Adam Smith, father of modern economics, also wrote a book on moral sentiments, by which he meant feelings resulting from imaginative thought.9 In it, he turned away from the prevailing belief that duty and reason are all that count when it comes to virtue, and thereby made an important step towards the validation of the emotions that arrived soon after, with the Romantic movement. But he kept Cicero's connection between what one should do and what we imagine other people will think and say if we fail to come up to scratch. Smith, indeed, elevated human sensitivity to the opinions of others into a total explanation of how and why morality works. He was modern in his insistence on delving into the individual's apprehensions of reality. But for Smith "gratitude" almost always meant "reward"—and this, significantly, needs to be explained in modern discussions of his book. Other people "show gratitude" when we behave well—that is, they reward us with their approbation, and they punish us with "resentment" when we are bad. His view is therefore heavily relativist: everything depends on what a particular society deems "proper." The ancient "shame culture" component of this view of morality is evident. But so is the new emphasis on how people—even those merely watching a transaction—feel.
In the realm of politeness, it is still the case today that a receiver who does not feel gratitude should nevertheless thank the giver verbally and later provide a favour or a gift in return. Politeness is "shame culture"; it cares about social propriety before it cares about sincerity, or even morality. A known thief, provided he is clean, properly dressed, a skilled conversationalist, and mannerly, is far more likely to be invited to a polite dinner party than is a filthy, ragged, inarticulate beggar who is innocent of any crime. For it is manner and appearances that normally count before morals or feelings, among people who practise a preferential option for gentility. Making a social gaffe—eating with one's mouth open, bringing up the wrong subjects in conversation, being smelly—is likely to be unforgivable, essentially because morality is not the criterion: manners are. And a judgment based on shame is without redress: people with poor manners will find themselves definitively excluded from polite society, not asked back if they were ever asked in the first place.

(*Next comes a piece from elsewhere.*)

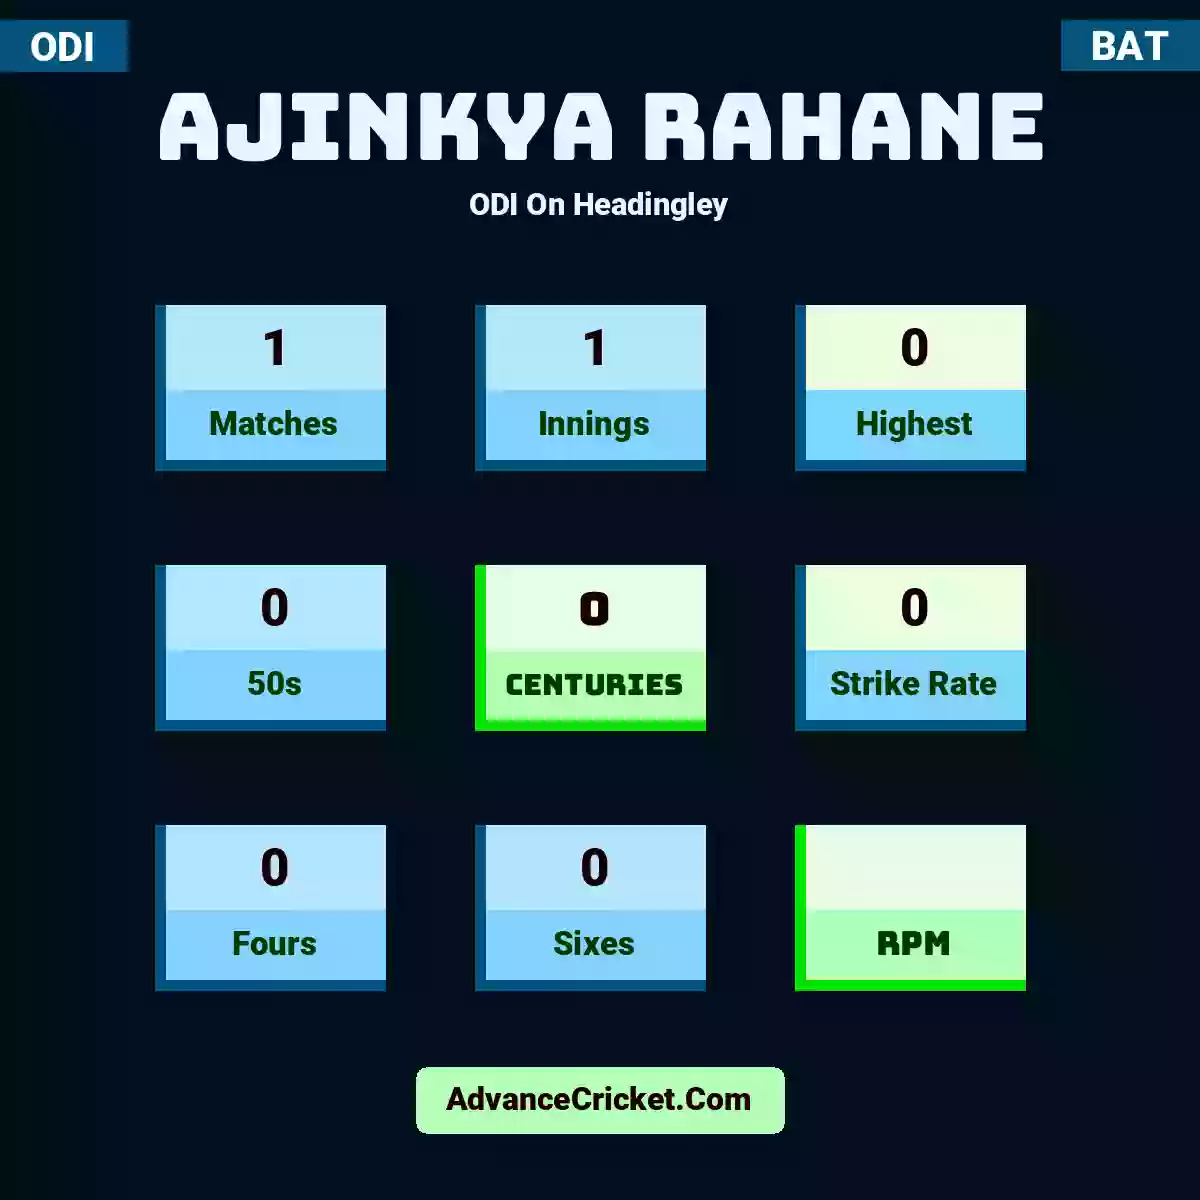 Ajinkya Rahane ODI  On Headingley, Ajinkya Rahane played 1 matches, scored 0 runs as highest, 0 half-centuries, and 0 centuries, with a strike rate of 0. A.Rahane hit 0 fours and 0 sixes.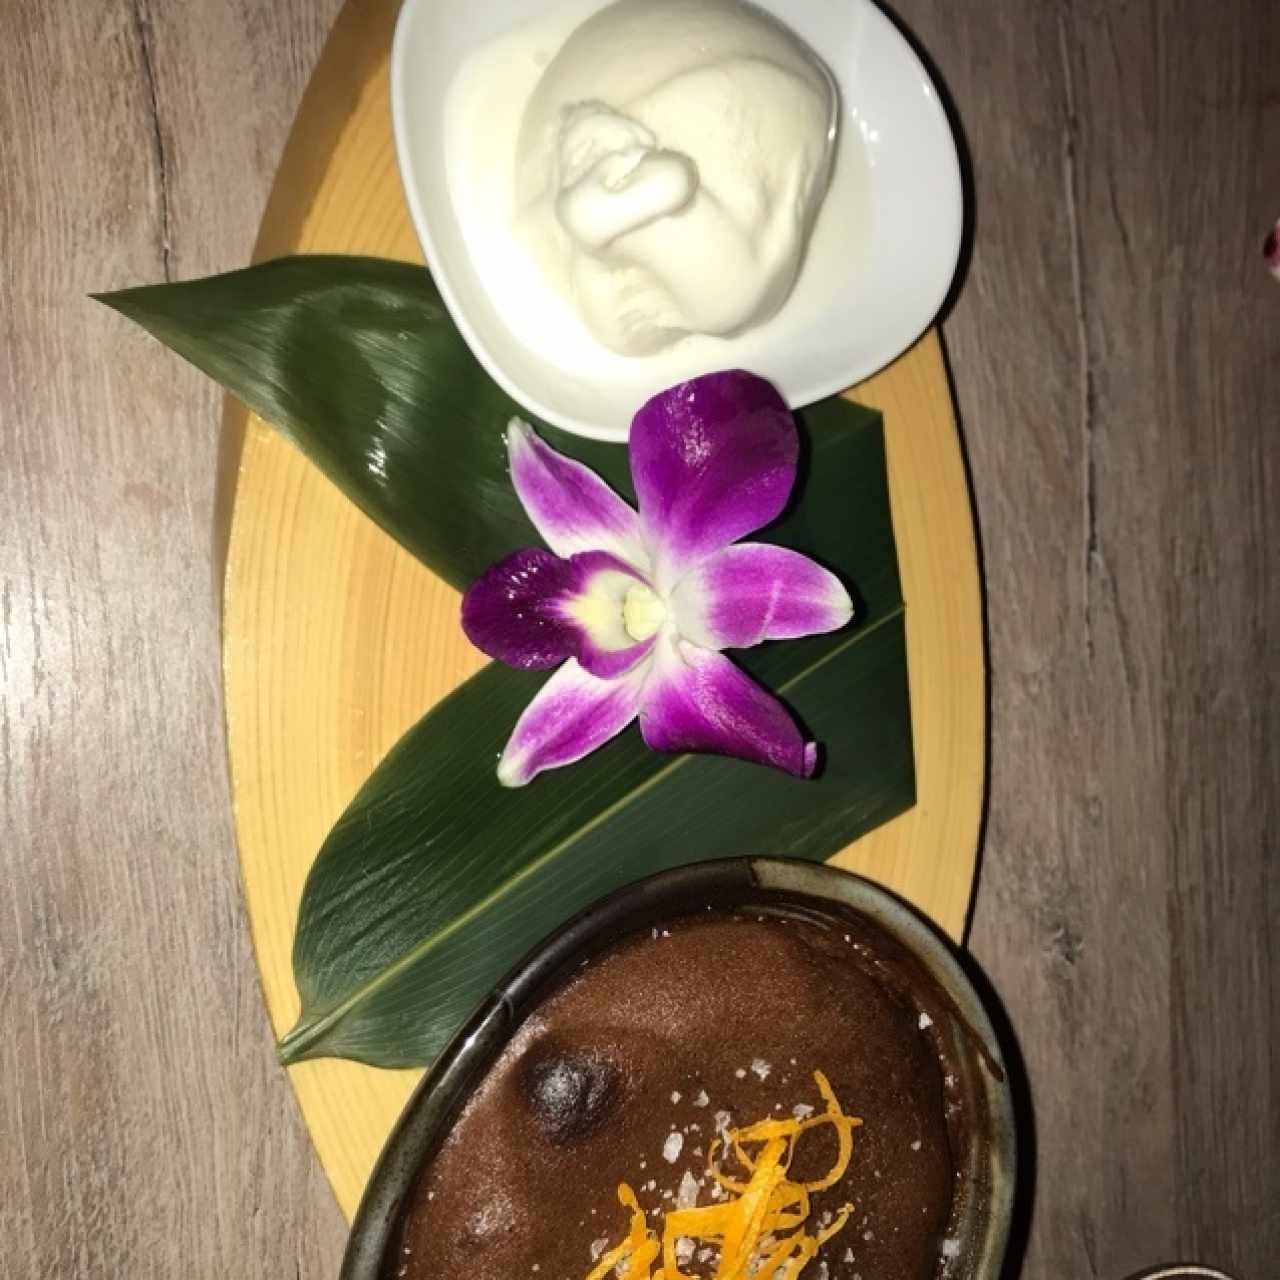 Chocolate Amazonico

What one does rather than what one feels is what matters where politeness is the point. A polite person can therefore say "thank you" and not mean it—she may even go through dissembling motions, looking as though she feels grateful. Such behaviour is much less offensive than making no response at all; it can indeed be a form of respect offered to the goodwill of others, where we really cannot summon up an emotional reaction to it. But still, given the basic suppositions of our "guilt" culture, expressing gratitude that is not meant and returning a favour entirely out of duty may be polite, but they do not constitute gratitude. "Not every person who fulfils the duties of gratitude," wrote La Rochefoucauld, "can flatter himself on that account that he is grateful."10
Politeness rules have their own wisdom. For example, in the course of polite human interaction, ordering and asking are essentially discourteous acts: one imposes or interrupts in order to perform them. They therefore need to be hedged in polite conversation ("Would you mind very much if I asked you to close the window?"): as a general rule, the longer one takes to say something, the politer. Thanking a person for doing the favour requested ("Thanks," the shortest and simplest response, is casual and therefore intimate) serves to repair the tiny rift or imbalance that has been created by asking. There is rarely any feeling involved, yet repeatedly being "rude" and then not smoothing things out, by apologizing if necessary, can lead to serious—that is, emotional—annoyance, and even an eventual breakdown of relations.11 It is usually advisable to behave politely simply to avoid the unpleasantness that is likely to ensue otherwise.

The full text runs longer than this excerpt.